▶ **Instructions for the task**:
Only the lines below starting at the one that contains "Lego Technic Sticker" and ending at the one that contains "southall-riots-G8H3YG.jpg" are to be reproduced, exactly and with both ends kept.

▶ **Study material**:
--------------------------------
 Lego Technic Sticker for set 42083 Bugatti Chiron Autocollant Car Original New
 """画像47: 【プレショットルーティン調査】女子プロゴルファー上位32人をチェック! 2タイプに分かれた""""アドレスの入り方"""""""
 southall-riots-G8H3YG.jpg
--------------------------------
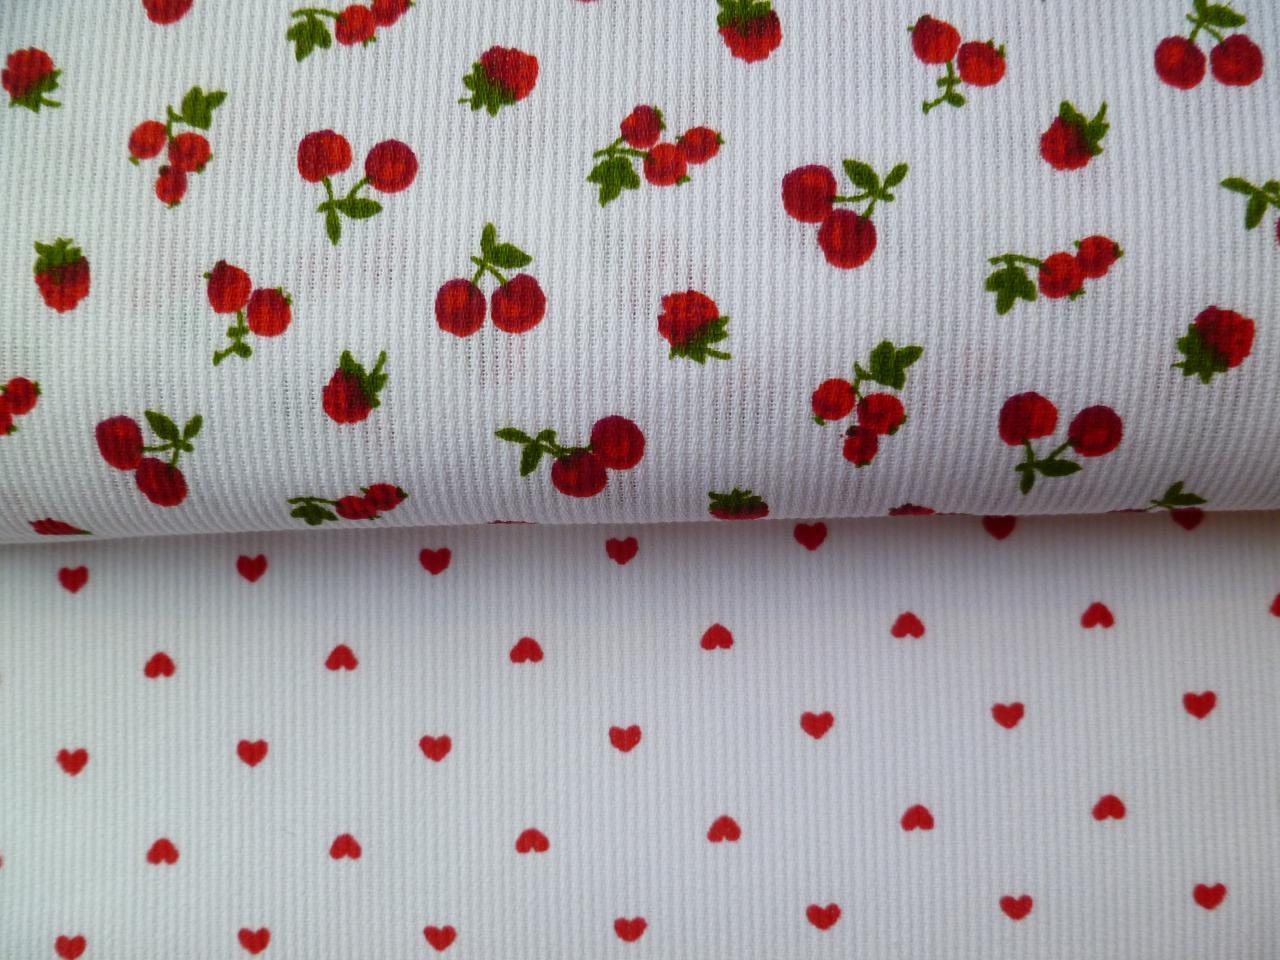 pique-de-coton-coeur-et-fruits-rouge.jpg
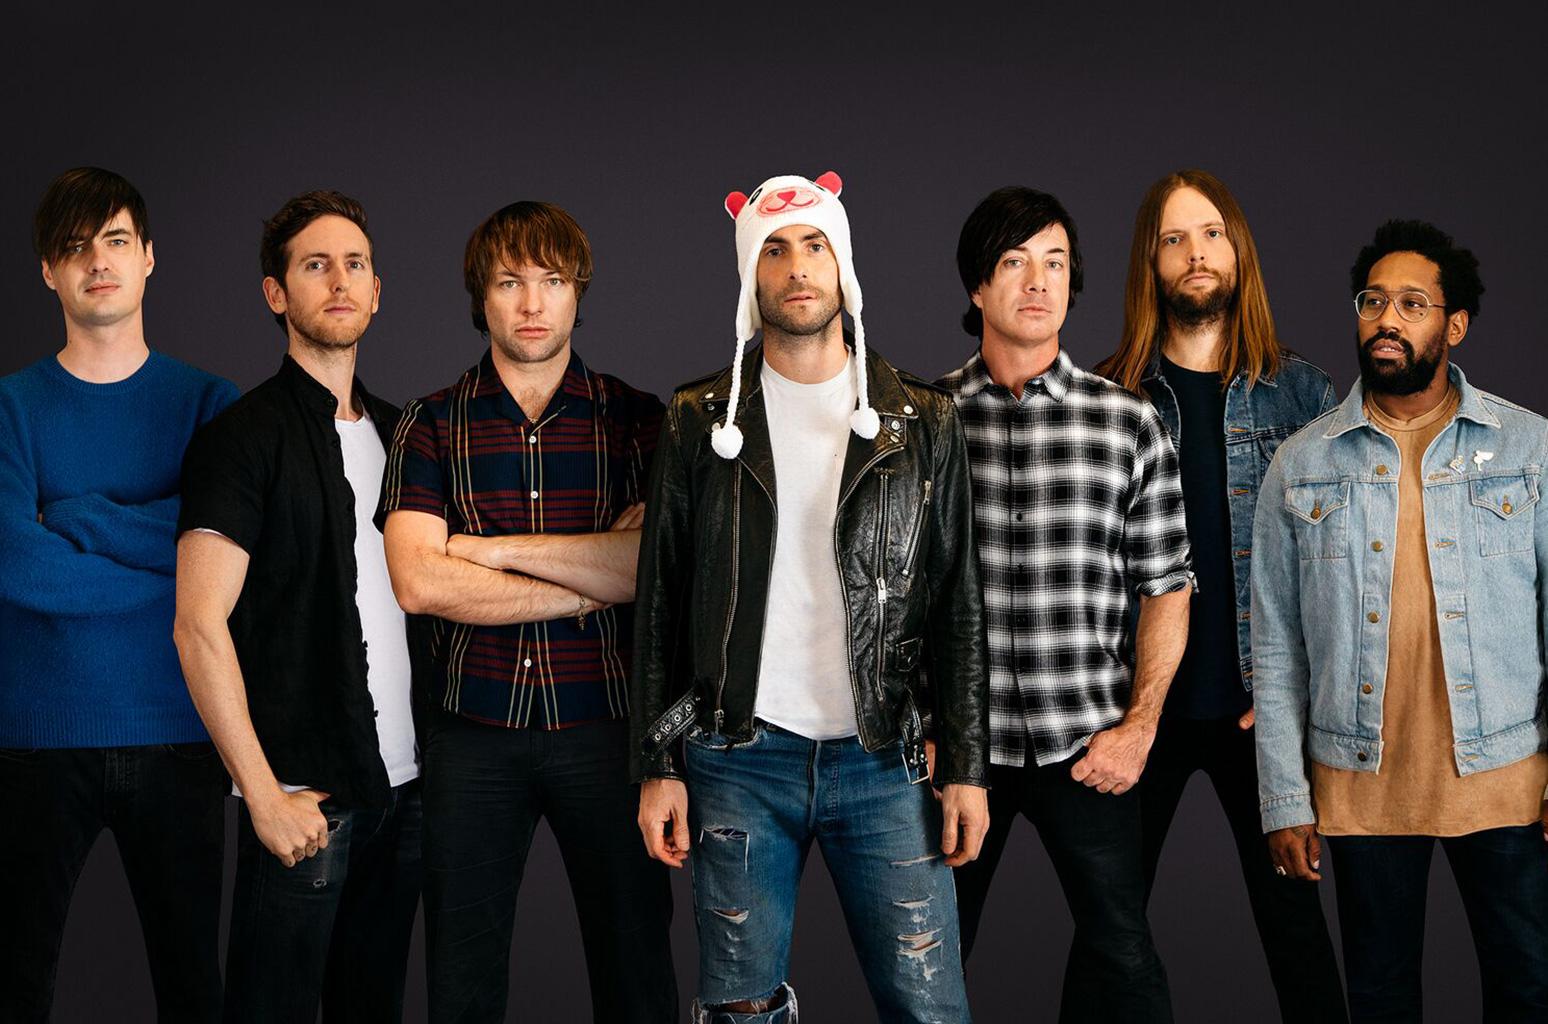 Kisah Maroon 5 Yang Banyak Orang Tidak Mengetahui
--------------------------------
▶ **Completed exercise**:
 Lego Technic Sticker for set 42083 Bugatti Chiron Autocollant Car Original New
 """画像47: 【プレショットルーティン調査】女子プロゴルファー上位32人をチェック! 2タイプに分かれた""""アドレスの入り方"""""""
 southall-riots-G8H3YG.jpg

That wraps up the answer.